At 65, the actress, former muse of Chanel, has played in around fifty films since That Obscure Object of Desire, by Luis Buñuel (1977), and too beautiful for you (1989), by Bertrand Blier. In 2021, we found her in the series In therapy, on Arte. From September 15 to October 12, she will play Berenice, at La Scala, in Paris. She recounts a gray and lonely childhood, a sometimes heavy beauty, doubts and wounds, but also a luminous life force.
I wouldn’t have come here if…
… If my father had not looked at me, from childhood, with love and trust. He always believed in me. This look determined my life. He raised us, my sister and me. My mother left us when I was 3 years old.
In what family atmosphere did you evolve?
My father was very solitary, not very talkative. Child of the petty bourgeoisie, he was a pure product of meritocracy: centralien, engineer, he worked in large construction groups. He had friends but we only saw them in the summer, in La Baule. The rest of the year, he worked a lot, and no one came through the door of the house. We lived in Neuilly, then in Versailles, which I hated. He didn’t organize anything for us, not knowing that children need cheerfulness. I loved my father, but there was no life. With my sister, five years older than me, we lived in isolation. When he decided to send her to boarding school with the Dominicans, I wanted to go too. I didn’t want to be left alone. And I wanted to run away from this life.
How did you experience the pension?
These nuns were feminists! Their ambition for us was not to see us married sewing at home. They wanted us to have a job. I remember a literature teacher, with whom I was a bit in love. I loved poetry and painting. We were very protected. I stayed there between 10 and 13 years. Then the sisters summoned my father and kindly sent me away, I was too unruly. I went to live with my mother, in the South. It didn’t go very well and my father came back to get me, without a word. He died when I was 21. We were never able to talk. Neither of my mother nor of the reasons why he had kept my sister and me, which was rare at the time. But on his hospital bed, I told him, “Don’t worry about me,” like a promise.

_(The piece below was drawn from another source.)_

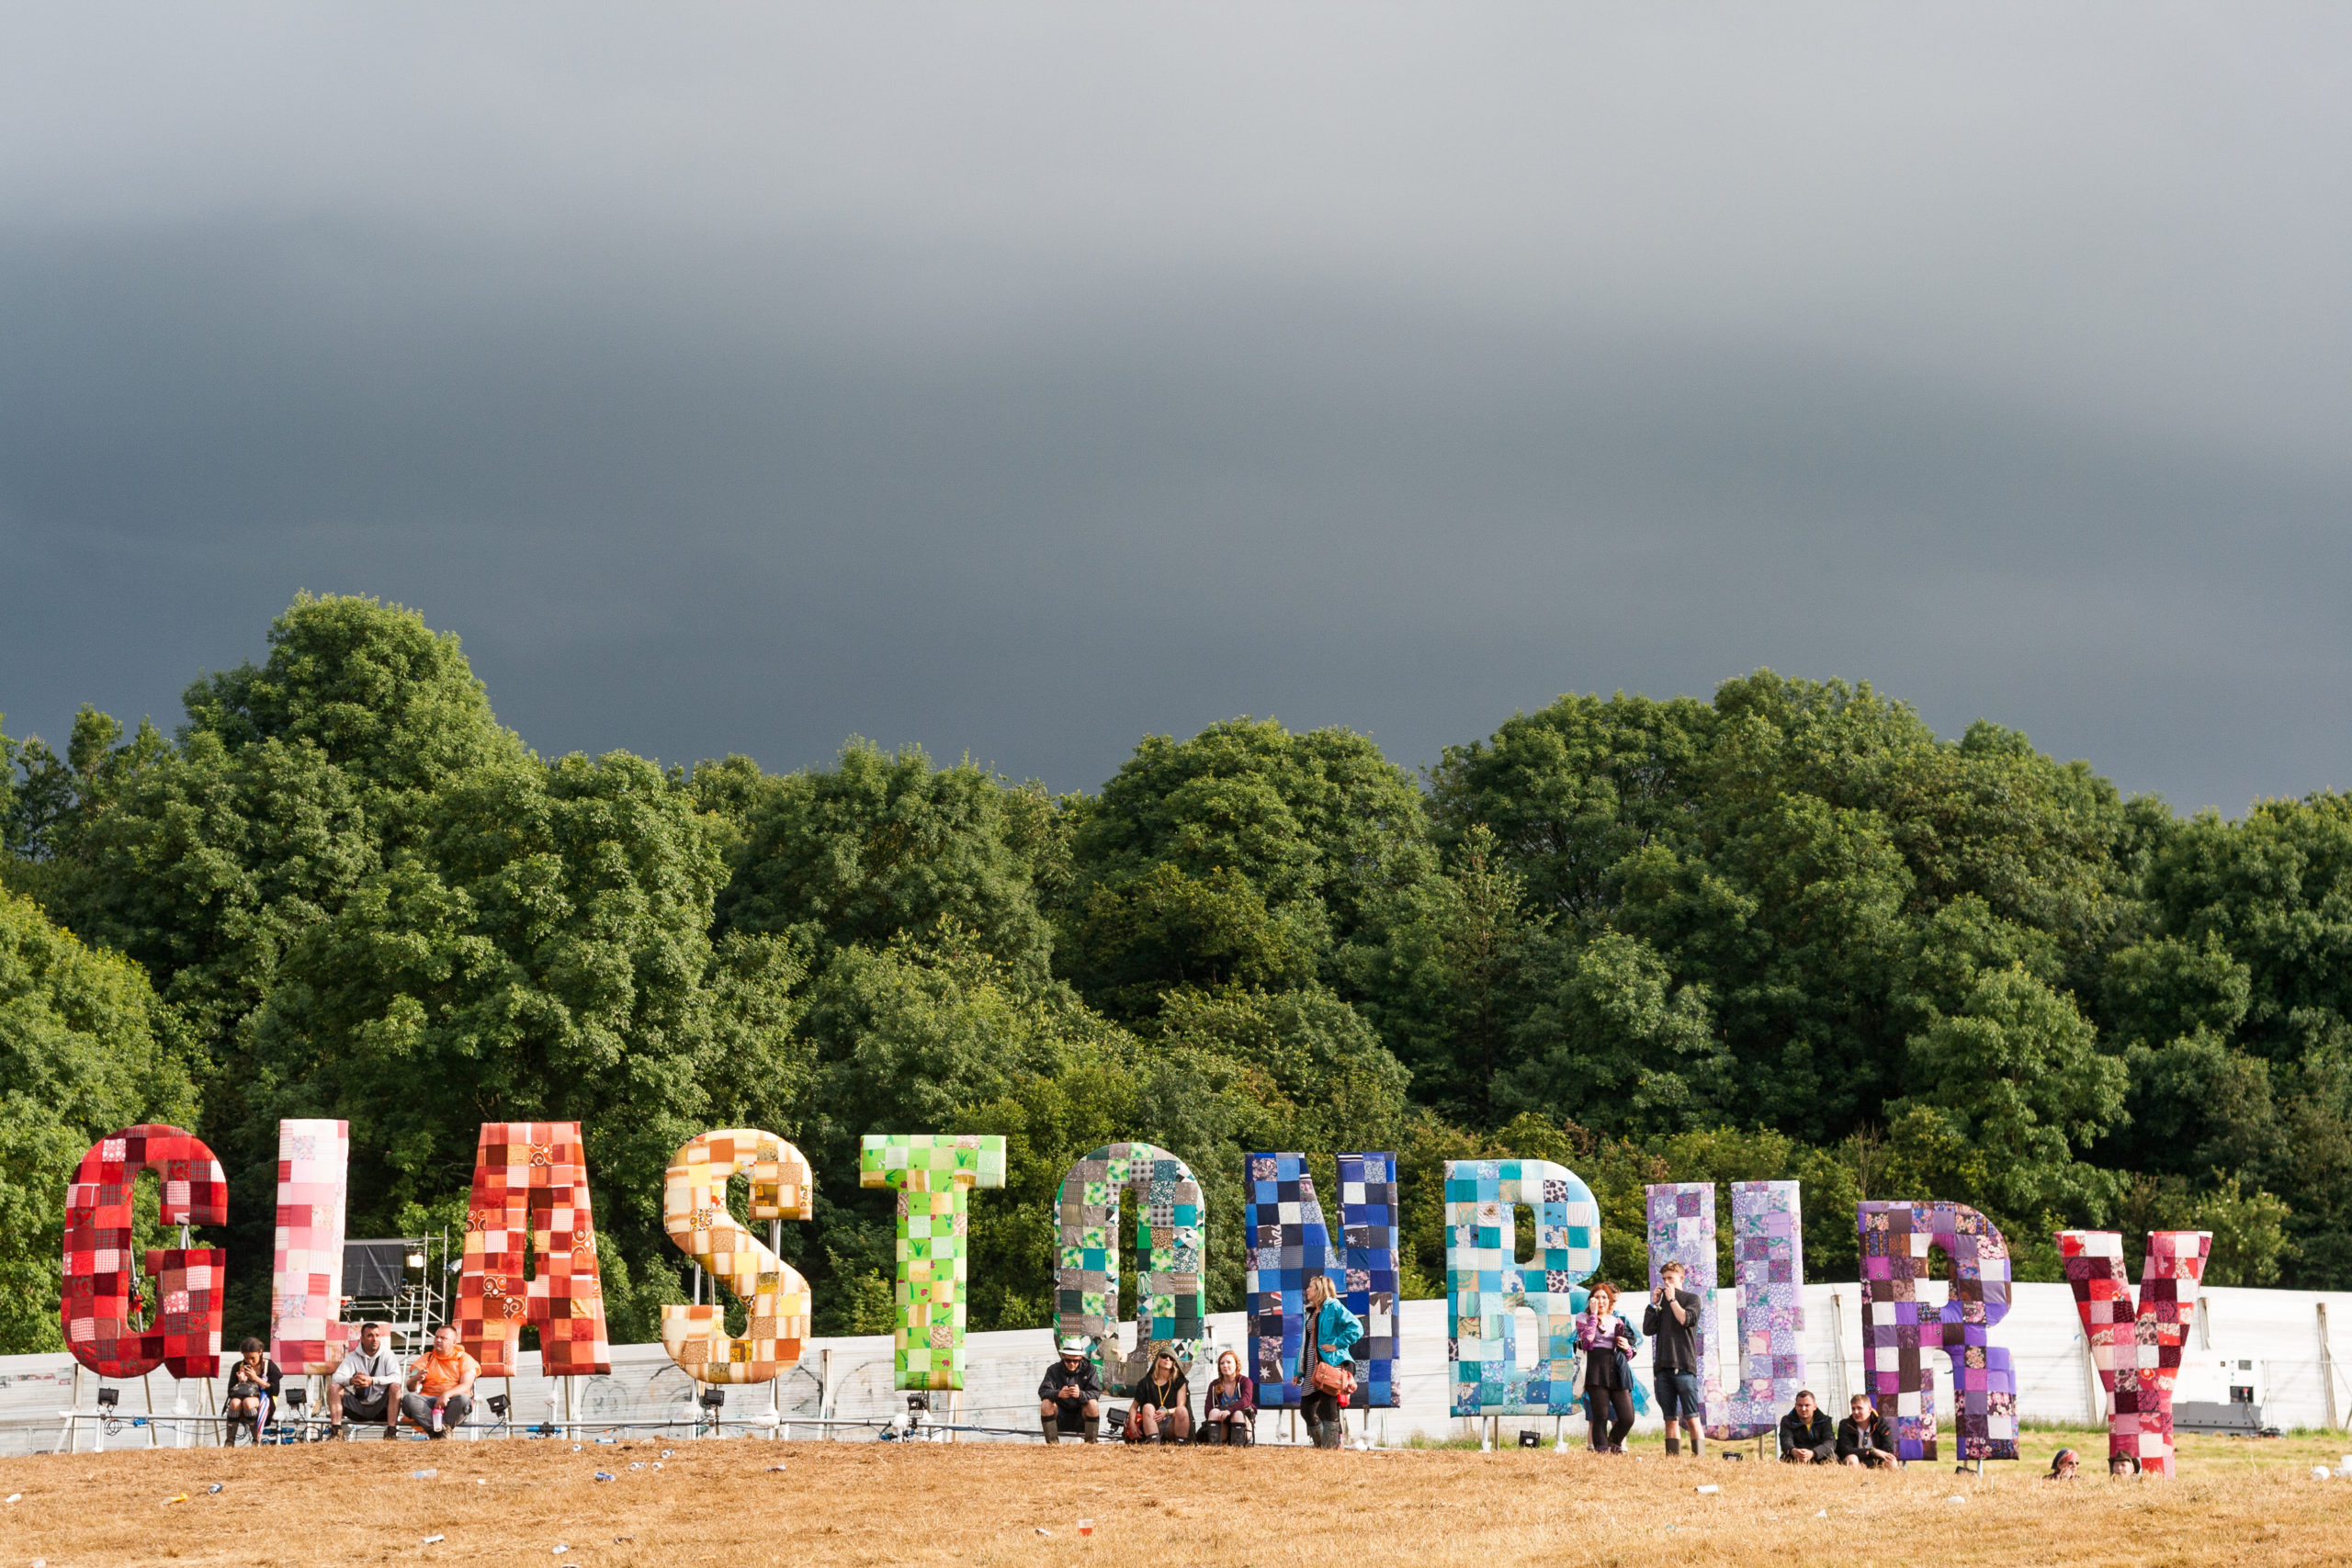 Glastonbury and its vivid presence

What have you learned from this education?
A sense of duty, perhaps. On the other hand, the Dominicans did not help me to find faith. I am an atheist, and spirituality does not interest me, even if it is to this fight with God that we owe the most beautiful works, the Requiem of Mozart or Italian painting. I also inherited the taste of others. I bought a house in Italy, in Pantelleria. At first it was a cube, with a room. Today, there are twelve! This summer, we were eighteen in the house. I sometimes say to myself: “I dreamed of a family, here it is. »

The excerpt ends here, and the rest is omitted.